Violences sexuelles sur mineurs : plus de 85 000 plaintes recensées

Le premier chiffre donne la mesure du problème.

Le garde des Sceaux, Gérald Darmanin, avait demandé aux procureurs de réexaminer environ 70 000 plaintes concernant des violences sexuelles commises sur des mineurs. Mais le recensement effectué dans les différentes juridictions a finalement permis d’identifier 85 047 plaintes sur l’ensemble du territoire.

Au total, 69 626 dossiers ont déjà été revus par les parquets, soit environ 82 % des procédures recensées.
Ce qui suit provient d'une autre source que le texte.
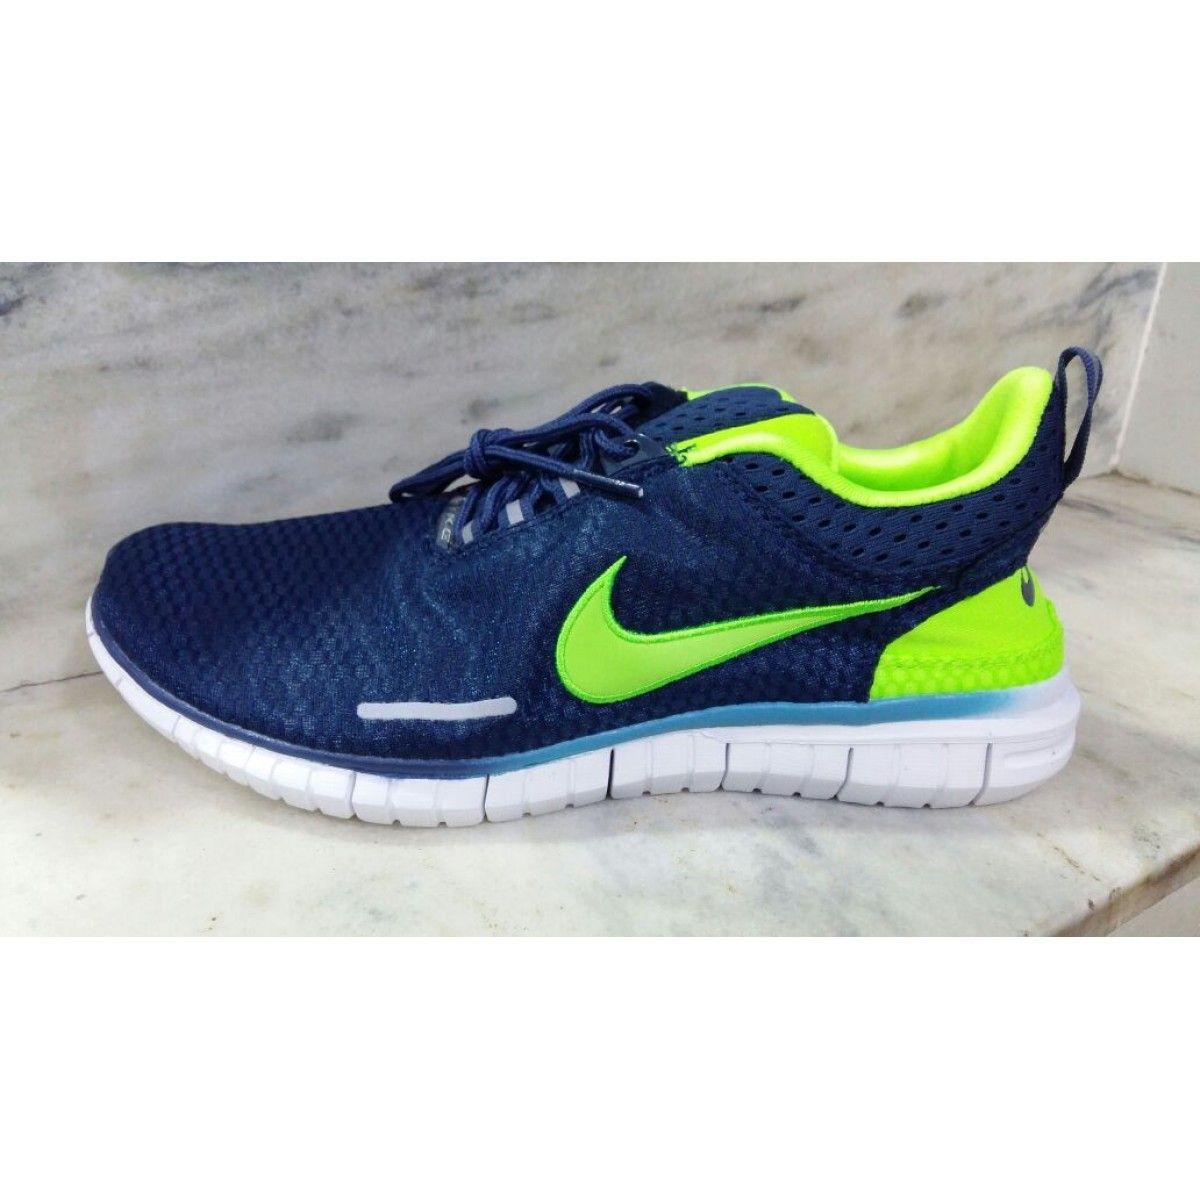 Nike Free Run OG Breathe Blue Green Running Shoes

Cette opération a été lancée après une réunion, le 8 juin 2026, entre le ministre de la Justice et les 36 procureurs généraux. L’objectif était de disposer, pour la première fois, d’une vision nationale précise des procédures en attente ou toujours en cours.

Autrement dit, il ne s’agit pas de 85 000 nouvelles plaintes déposées en quelques semaines, mais du stock de dossiers recensés par les procureurs et concernant des faits de nature sexuelle commis sur des mineurs.

Qui sont les victimes et les personnes mises en cause ?

La revue nationale permet également de mieux comprendre la nature des affaires traitées par la Justice.

Selon les chiffres communiqués par le ministère :

  • 38,5 % des procédures concernent des faits criminels ;
  • 61,5 % portent sur des faits délictuels ;
  • un auteur présumé est identifié dans 83,5 % des affaires ;
  • 91,4 % des personnes mises en cause n’avaient jamais été condamnées auparavant ;
  • 36 % des victimes sont toujours mineures ;
  • les dossiers ont en moyenne 14,2 mois d’ancienneté.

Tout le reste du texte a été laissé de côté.